Other countries need to keep up
For all the talk about becoming a Single Digital Market, the EU is severely lagging behind in bringing partnerships into the digital age. “What I think we Estonians need to do, is to get other countries to move ahead. We’re a small digital island, but you want [these programs] to work anywhere.” In other words: The breakthroughs in Estonia aren’t worth much if nobody else is doing it.
For Ilves, there are certain services that should be all EU-based. For example if he would get sick in Hungary, he should be able to go the pharmacy, stick in his digital ID and get his Estonian medicine, but it’s going to be a while until Europe will reach that point.
It’s obviously an immense and difficult task for governments to implement digital IDs — as most countries have a far larger population than Estonia and are not lucky enough to have the entire nation apply for a new ID at the same time — but it’s far from being impossible.
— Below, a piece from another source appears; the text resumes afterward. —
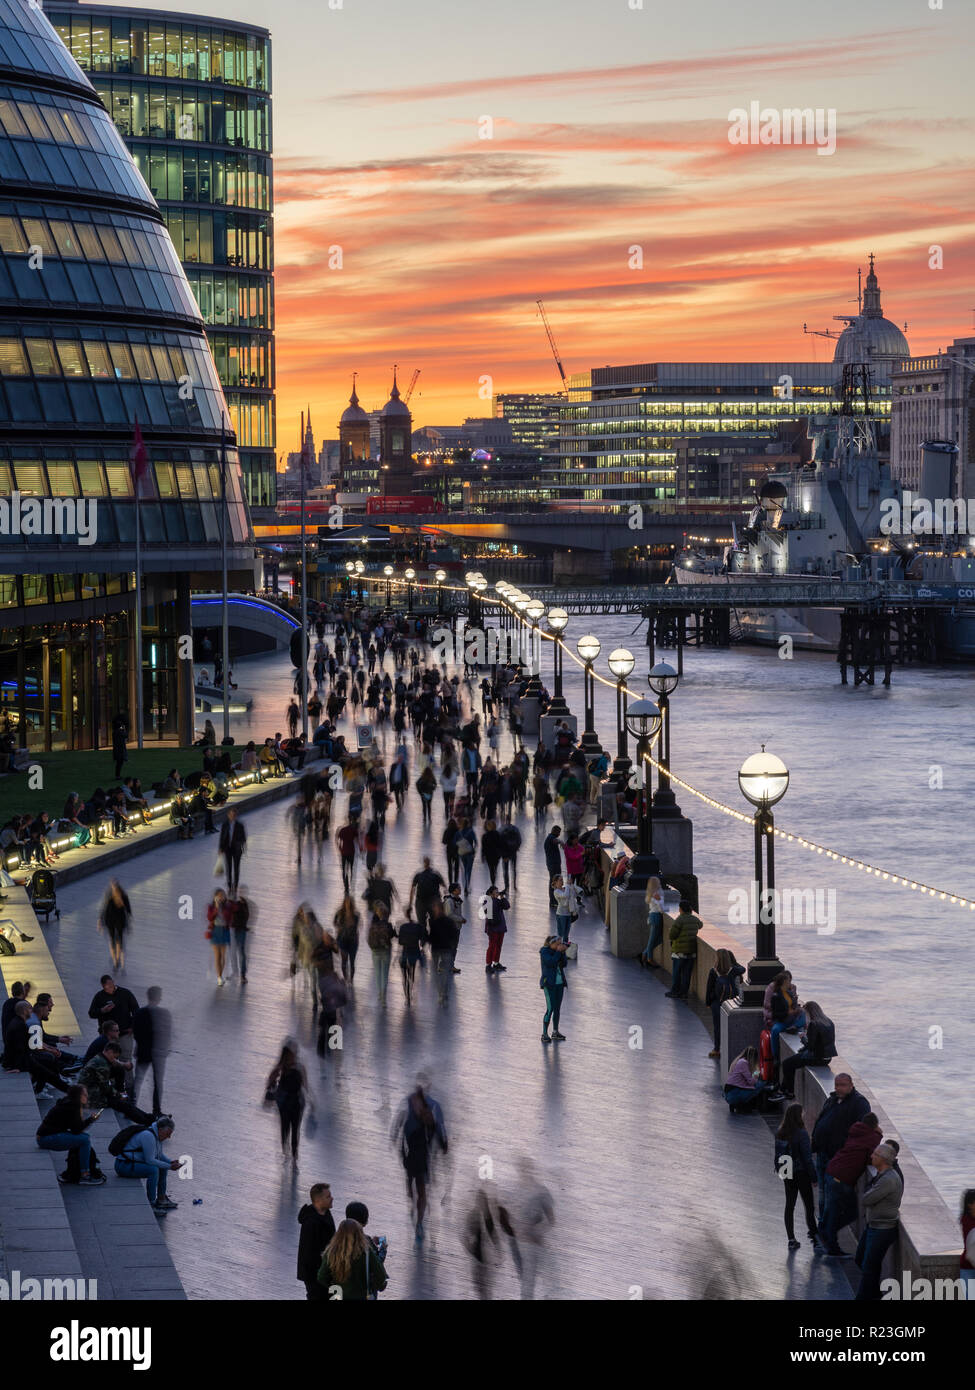 London, England, Regno Unito - 27 Settembre 2018: pedoni e turisti a piedi lungo il fiume Thames Path accanto al Municipio e HMS Belfast al tramonto. Foto Stock

Especially because adapting to new realities is a necessity for modern societies and we already have the technical capabilities — Estonia did it 15 years ago!
What makes it even easier, says Ilves, is that the Estonian government has always been prepared to share the lessons it learnt implementing digital policies. Estonia already gives away for free it’s technical architecture, open-source and non-proprietary software and operating systems, which should provide other countries with ample tools to kick off their own digital services.
However, the problem is far from being technical in Ilves’ opinion:
Technology is everywhere, and everyone has access to it, more or less. It really comes down to policies, laws and regulations. If you have the right policies, support them with the right laws and you regulate them well — then you can move ahead […] without them you won’t get stuff happening.
That means that the only thing countries need to provide themselves are politicians with sufficient understanding of technology and clear policies — which is perhaps easier said than done.
Ilves has spoken with politicians and government officials all over Europe about digital policies, but sometimes even the ones interested in tech do not grasp how it actually works. Some talk irresponsibly about creating a general European backdoor, which is terrible idea as it would create a holy grail for hackers.
Ilves, who’s completely against creating backdoors, says that politicians need to understand technology better as they play a vital role in technological advancement. Methods, software and policies will always need to be constantly updated — making the path towards becoming a digital nation a constant and living process.
Government officials tend to put tech on the back burner all too easily, but the reality is that countries need to start the process of adaptation as soon as possible. The foundations of our democracy and daily lives are increasingly moving into the digital realm, and there’s a dire need for someone to take control of our identity there — or we’ll all face the consequences.